In deze zaak heeft de Rechtbank Den Haag op 24 november 2017 uitspraak gedaan in een geschil tussen eiseres, die een Ziektewet (ZW) uitkering ontving, en de Raad van bestuur van het Uitvoeringsinstituut werknemersverzekeringen (Uwv). Eiseres had haar uitkering per 1 mei 2017 beëindigd gekregen, omdat het Uwv van mening was dat zij weer arbeidsgeschikt was. Eiseres was van mening dat het medisch onderzoek niet zorgvuldig was uitgevoerd en dat haar beperkingen door het chronisch vermoeidheidssyndroom (CVS) onvoldoende waren erkend. Ze verzocht de rechtbank om een onafhankelijke deskundige te benoemen.
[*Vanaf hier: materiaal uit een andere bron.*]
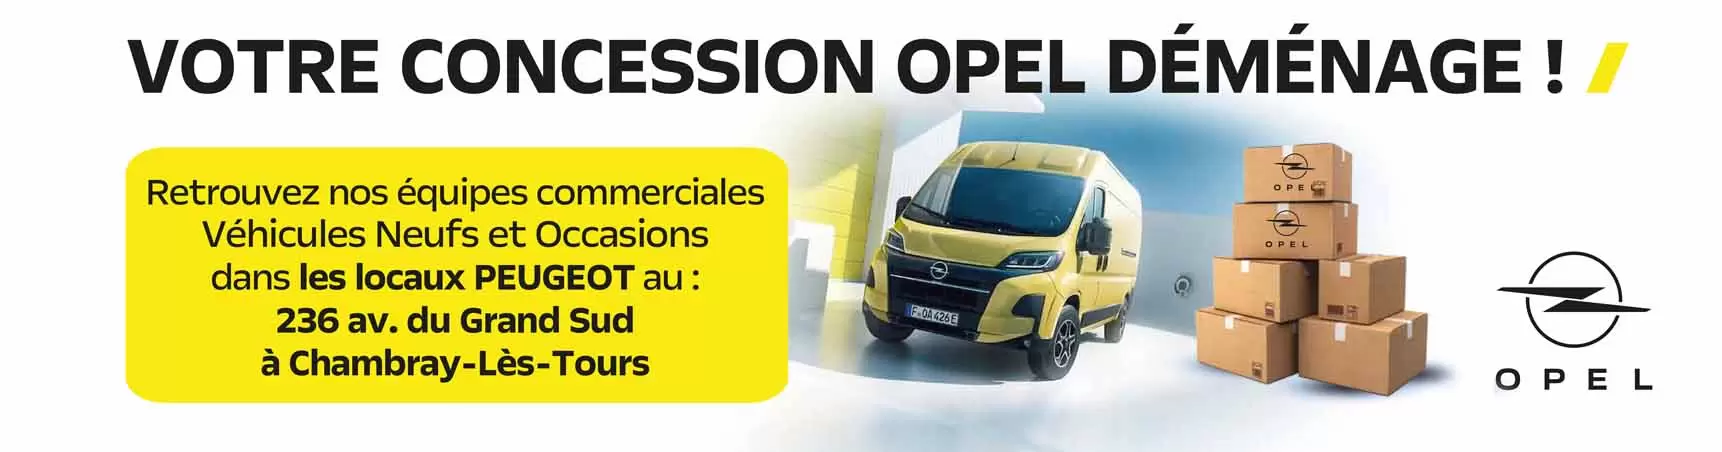 Bannière de déménagement - Opel Tours

De rechtbank heeft vastgesteld dat het medisch onderzoek zorgvuldig was uitgevoerd. Er waren meerdere spreekuuronderzoeken en er was cardiologische expertise ingeschakeld. De verzekeringsartsen hadden alle klachten van eiseres in hun beoordeling meegenomen en er waren geen nieuwe medische gegevens die de eerdere conclusies van de verzekeringsartsen konden weerleggen. De rechtbank oordeelde dat de ZW-uitkering terecht was beëindigd, omdat eiseres in staat werd geacht om de voor haar geselecteerde functies uit te oefenen. De rechtbank verwierp de beroepsgronden van eiseres en verklaarde het beroep ongegrond.
De uitspraak benadrukt het belang van zorgvuldigheid in medisch onderzoek en de rol van verzekeringsartsen bij het vaststellen van arbeidsongeschiktheid. De rechtbank concludeerde dat er geen reden was om te twijfelen aan de geschiktheid van eiseres voor de geduide functies en dat er geen aanleiding was voor een proceskostenveroordeling.